Activity: It would help if you retyped the data exactly, leaving out the pictures.
Segment Start: Dataset excerpt
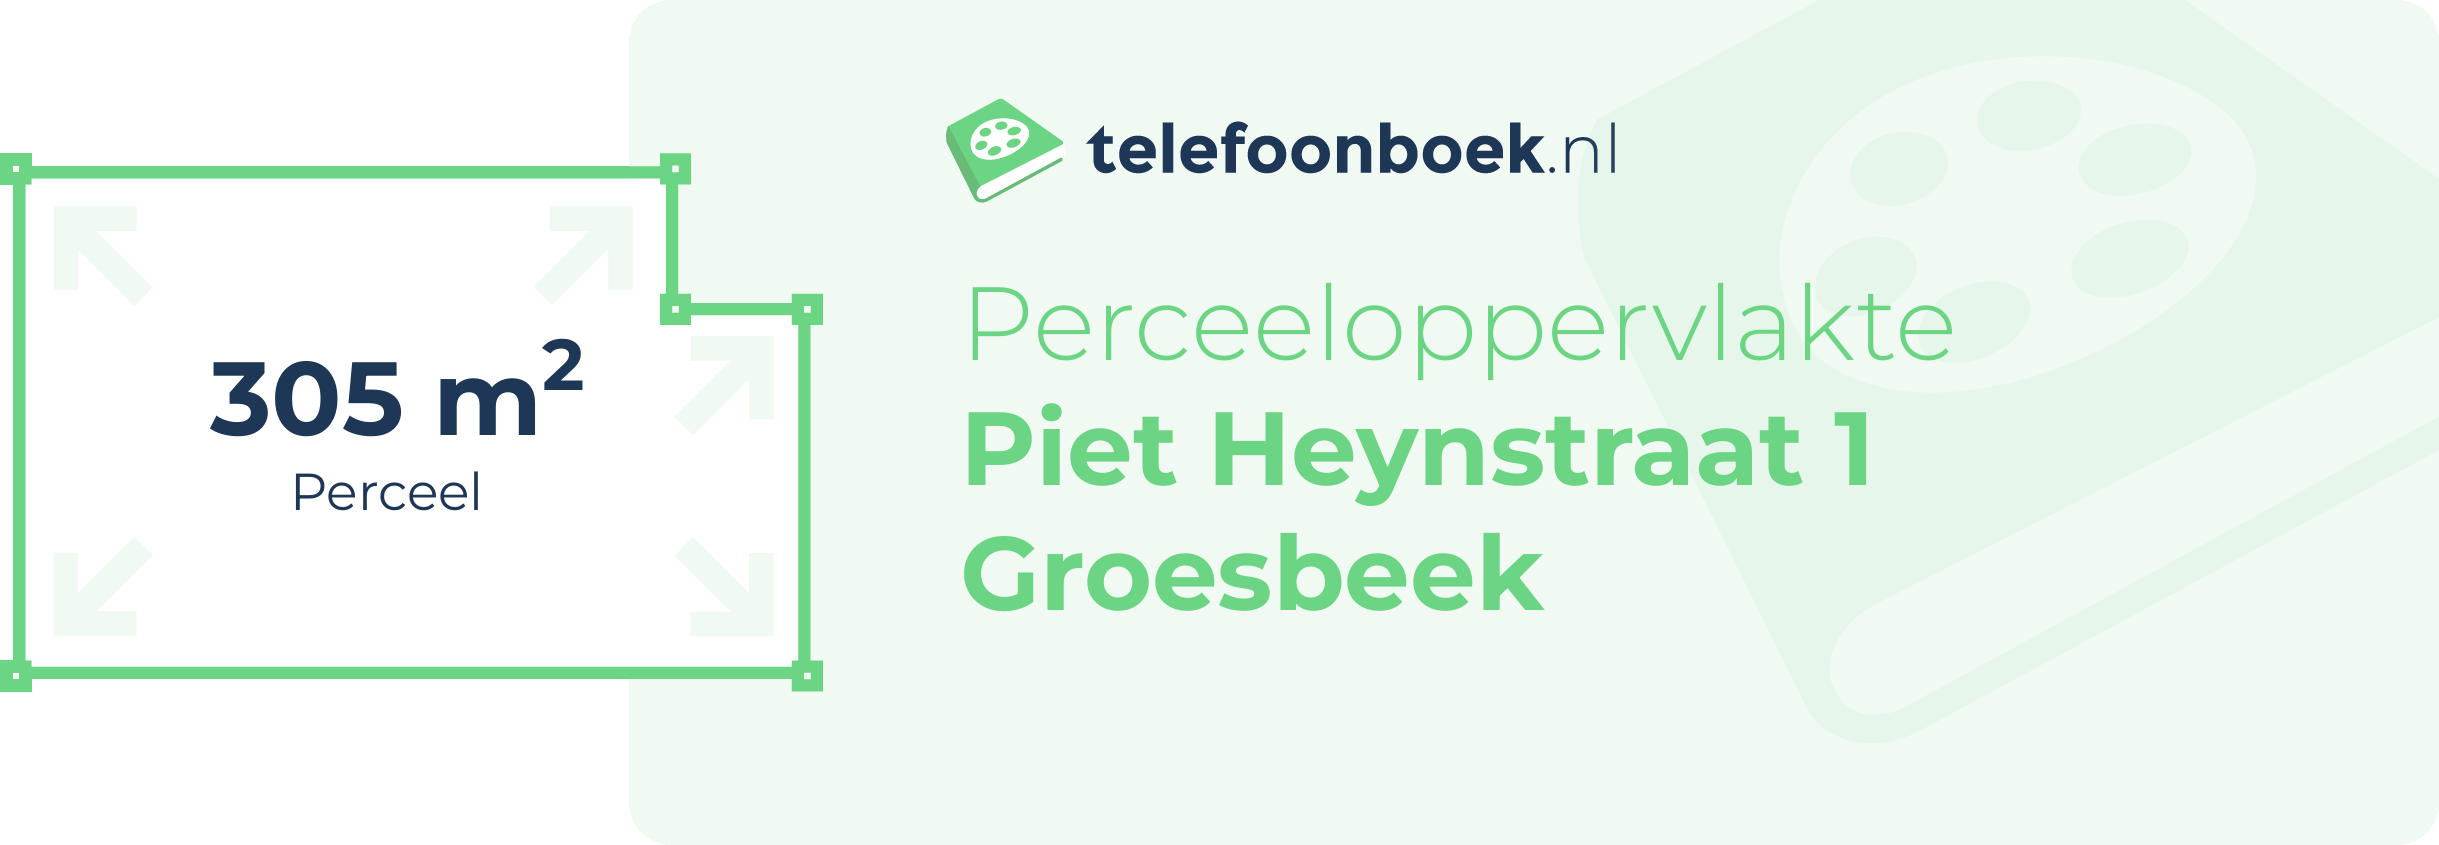 Perceeloppervlakte Piet Heynstraat 1 Groesbeek
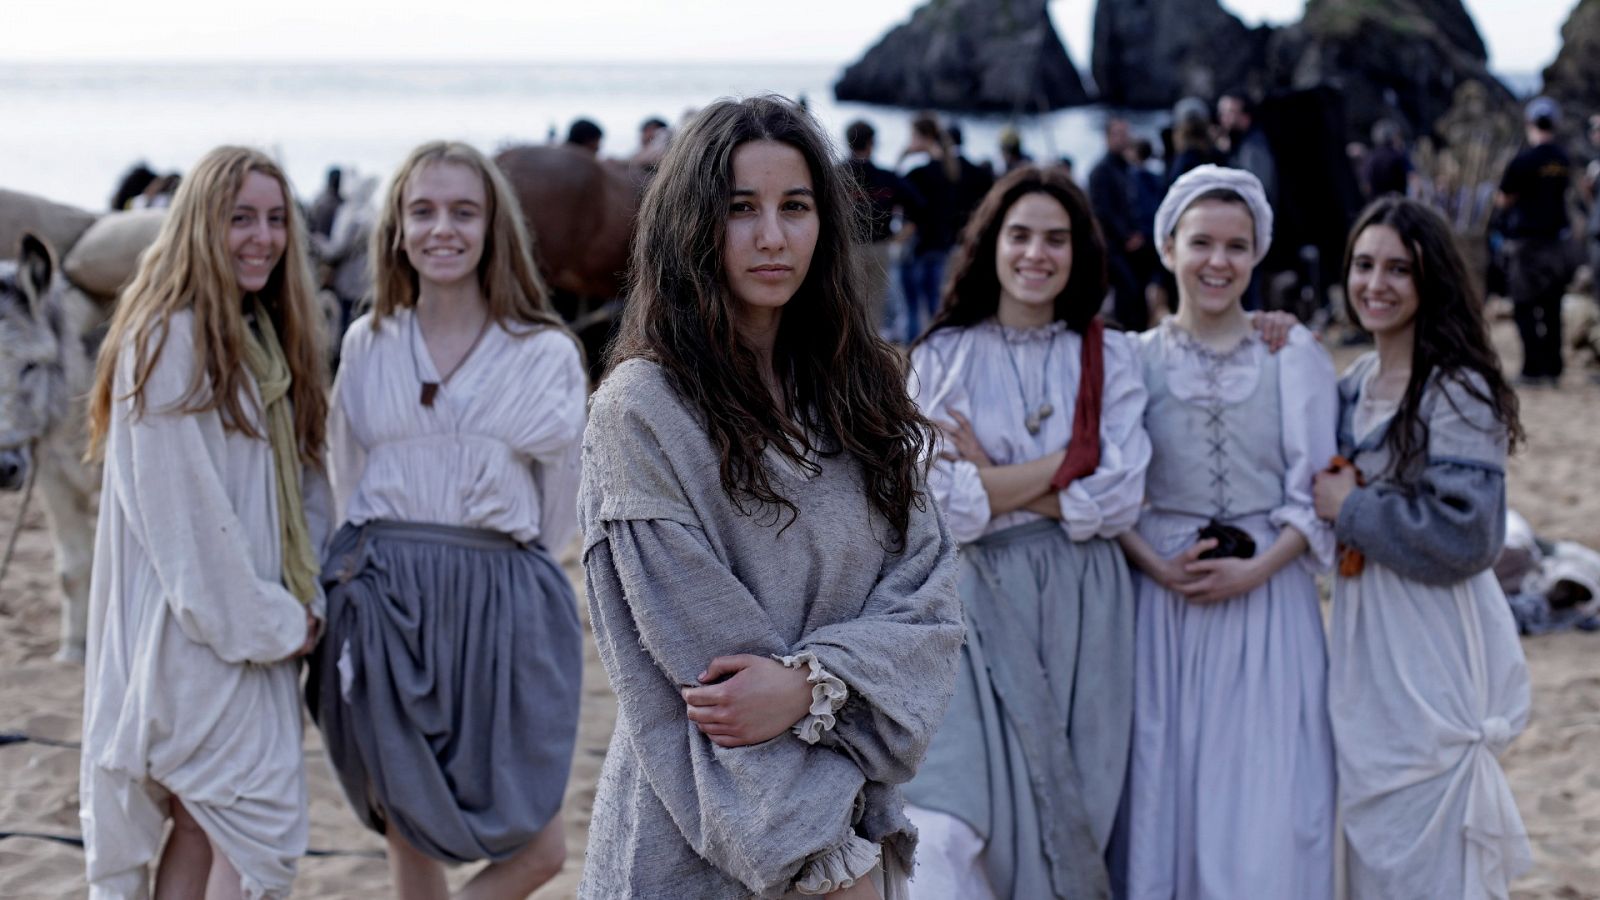 Cine | RTVE.es estrena el tráiler de 'Akelarre', un drama histórico y feminista basado en un juicio real de brujería
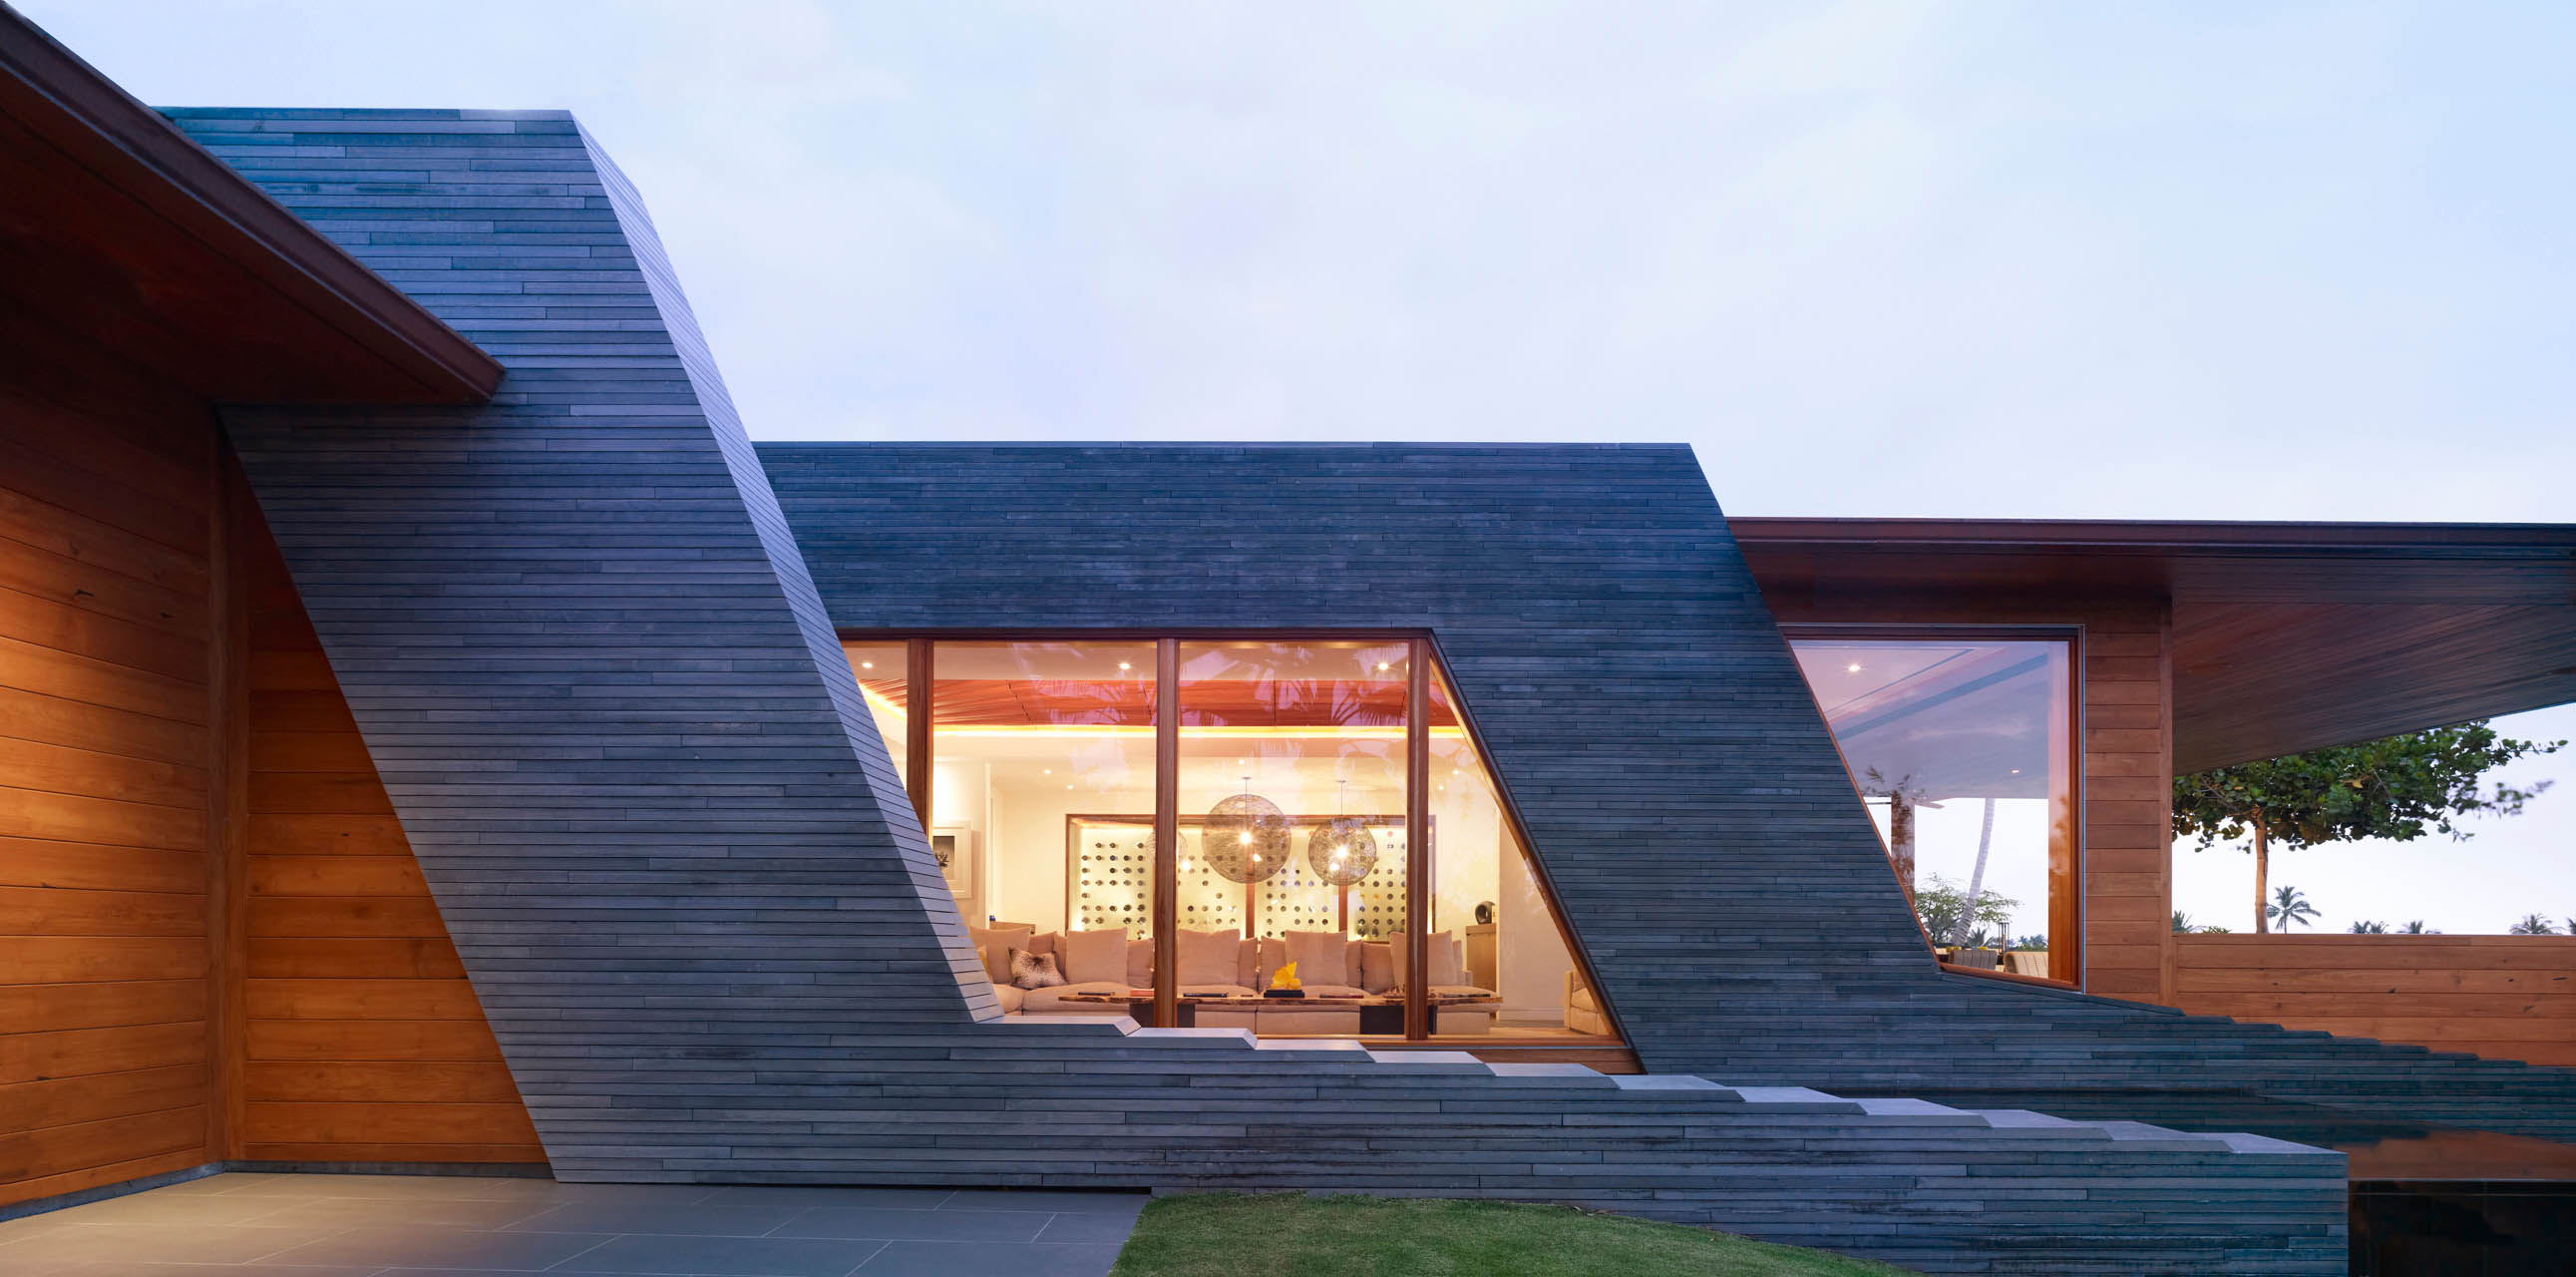 Kona Residence / Belzberg Architects | ideasgn
Segment End: Dataset excerpt
Solution:
 Perceeloppervlakte Piet Heynstraat 1 Groesbeek
 Cine | RTVE.es estrena el tráiler de 'Akelarre', un drama histórico y feminista basado en un juicio real de brujería
 Kona Residence / Belzberg Architects | ideasgn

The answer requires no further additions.